Seriously Syria. Sarin?

A senior defence official told Associated Press that intelligence officials have detected activity around more than one of Syria’s chemical weapons sites in the last week. The defence official spoke on condition of anonymity because he was not authorised to speak publicly about intelligence matters.

This evening, AFP news agency quoted an unnamed US official who claimed the regime has already begun mixing the chemicals that can be used to make deadly sarin gas.

“We’ve picked up several indications which lead us to believe that they’re combining chemical precursors,” AFP quoted the official as saying, adding that the operation was apparently aimed at making sarin.

“I can’t comment on these reports but I have been very concerned for some time now about Syria’s stockpiles of chemical weapons and its stocks of advanced conventional weapons like shoulder-launched anti-aircraft missiles,” said House intelligence committee Chairman Mike Rogers. “We are not doing enough to prepare for the collapse of the Assad regime, and the dangerous vacuum it will create. Use of chemical weapons by the Assad regime would be an extremely serious escalation that would demand decisive action from the rest of the world,” he added.

Syria is believed to have one of the world’s largest chemical weapons programs, and the Assad regime has said it might use the weapons against external threats, though not against Syrians.

The Syrian authorities have assured Moscow that there will be no use of chemical weapons against rebel forces, Russia’s foreign minister said on Tuesday.   “I rule out the use by the [Syrian] regime of chemical weapons,” Foreign Minister Sergei Lavrov told journalists. “We have received the appropriate assurances.”

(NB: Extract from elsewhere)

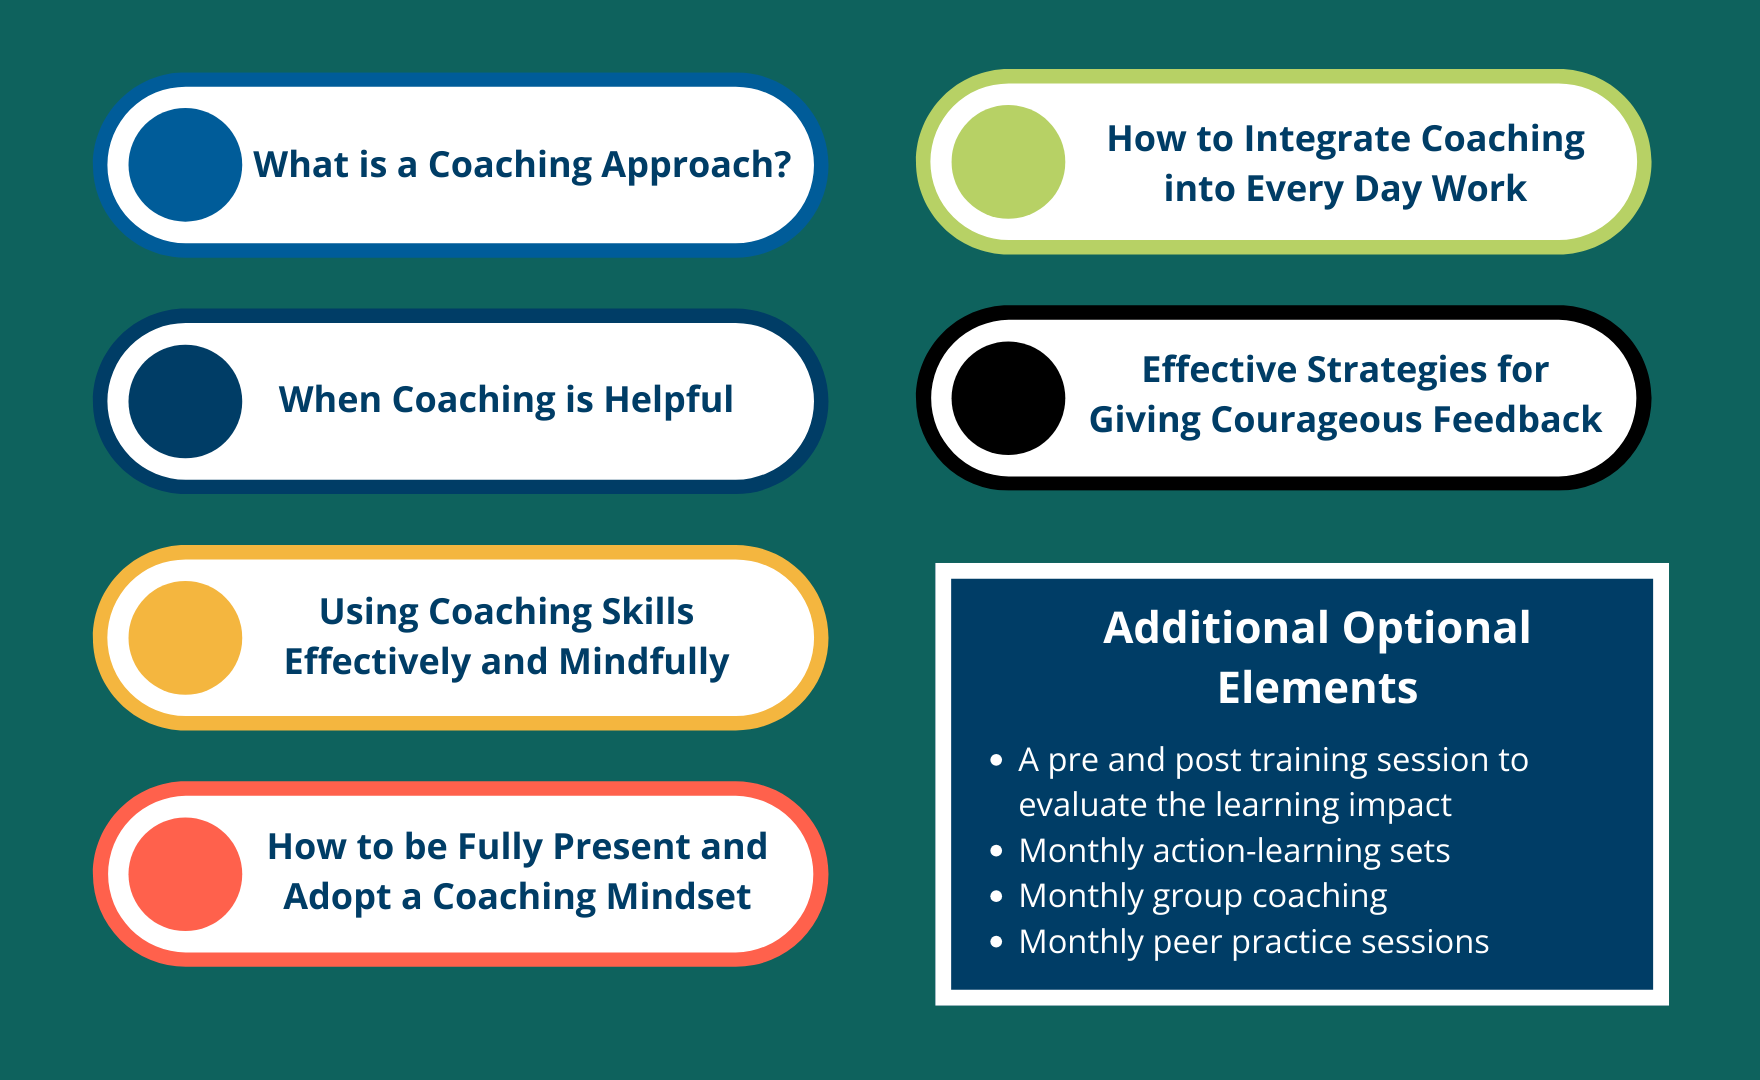 Coaching as a line manager programme structure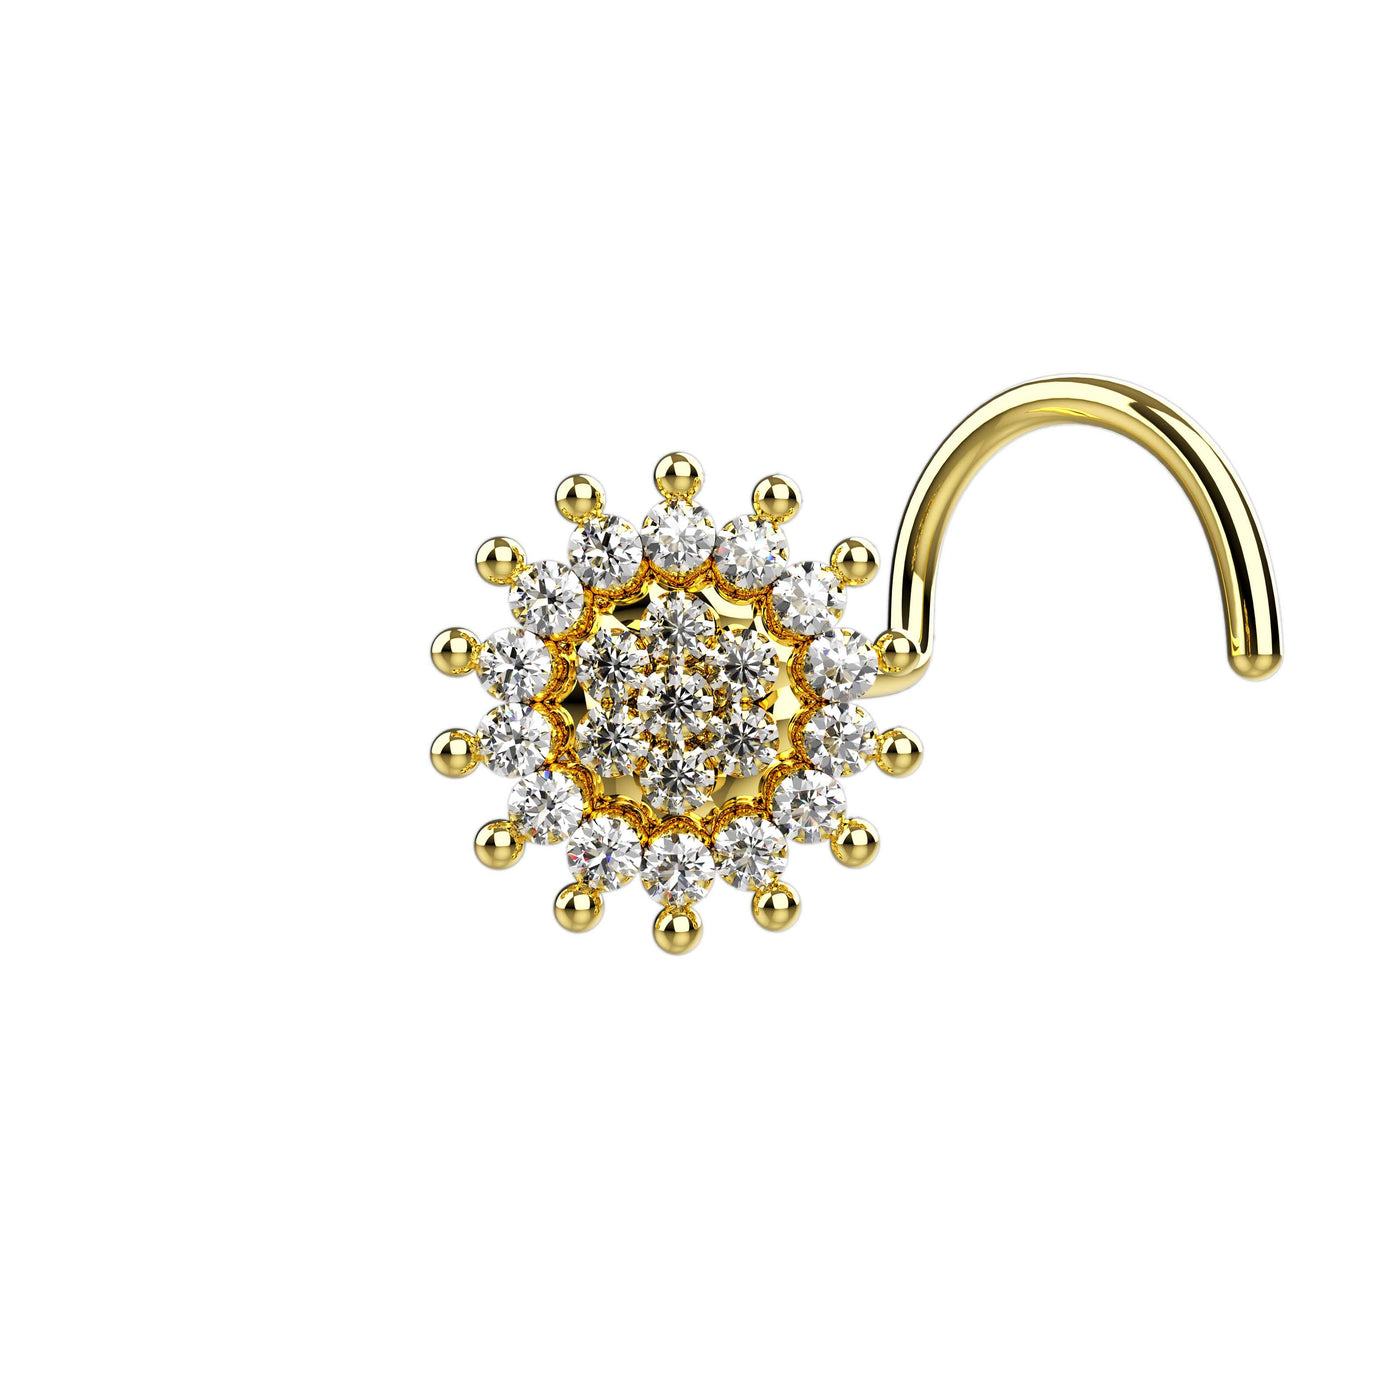 Fashionable gold nose stud rings

A major who defected from Assad’s embattled regime told The Times newspaper last month that the authorities would only use chemical weapons as a “last resort.”   “We discussed this as a last resort – such as if the regime lost control of an important area,” Major General Adnan Sillu said after arriving in Turkey.

According to intelligence reports on Syria’s arsenal, Damascus is believed to possess Scud-class missiles and SS-21 missiles that can carry chemical warheads, as well as sarin nerve agents and mustard agents, and may, just may, also possess VX nerve agents.

Sarin was first synthesized in 1938 by a group of German scientists researching new pesticides. Its name is derived from the names of the chemists involved in its creation: Schrader, Ambros, Rudriger, and van der Linde.

GB was the most expensive (in terms of raw materials) nerve agent selected for mass production by the Germans as part of their Grün 3 program, requiring 1058 tons of raw materials to produce 100 tons of agent.

The United States and other NATO countries would decide to make sarin their major nerve agent (later supplementing it with VX). The United States built a production plant in the North Plants complex at the Rocky Mountain Arsenal in Colorado that was capable of producing an estimated (the actual figures remain classified) 10 tons a day of the agent. Construction of the plant extended over the period 1951-1953, and GB was produced there from February, 1953 until August, 1957. The site was also used to fill weapons with GB from bulk stocks, with the last such filling operation being completed in 1969.

During its war with Iran, Iraq initiated the use of chemical weapons, beginning with sulfur mustard in 1983, progressing to tabun in 1984, and then to sarin (and eventually VX) beginning in 1987. Sarin was also used in attacks on Iraqi civilians, most notably in the March, 1988 destruction of the Halabja, where civilian deaths caused by a cocktail of different agents have been estimated at 5000.

While it is impossible to be sure about what countries have actually mass produced sarin, there is much speculation that it has been investigated by countries such as North Korea and most of the countries in the Middle East, including Israel, as indicated by the consequences of the crash, on October 4, 1992, of an El Al cargo plane in Amsterdam. Subsequently, health problems among those living near the crash site prompted an investigation, which revealed that the cargo included the sarin precursors dimethyl methylphosphanate, hydrogen fluoride, and isopropyl alcohol consigned to the Israeli CBW research facility at Nes Ziona.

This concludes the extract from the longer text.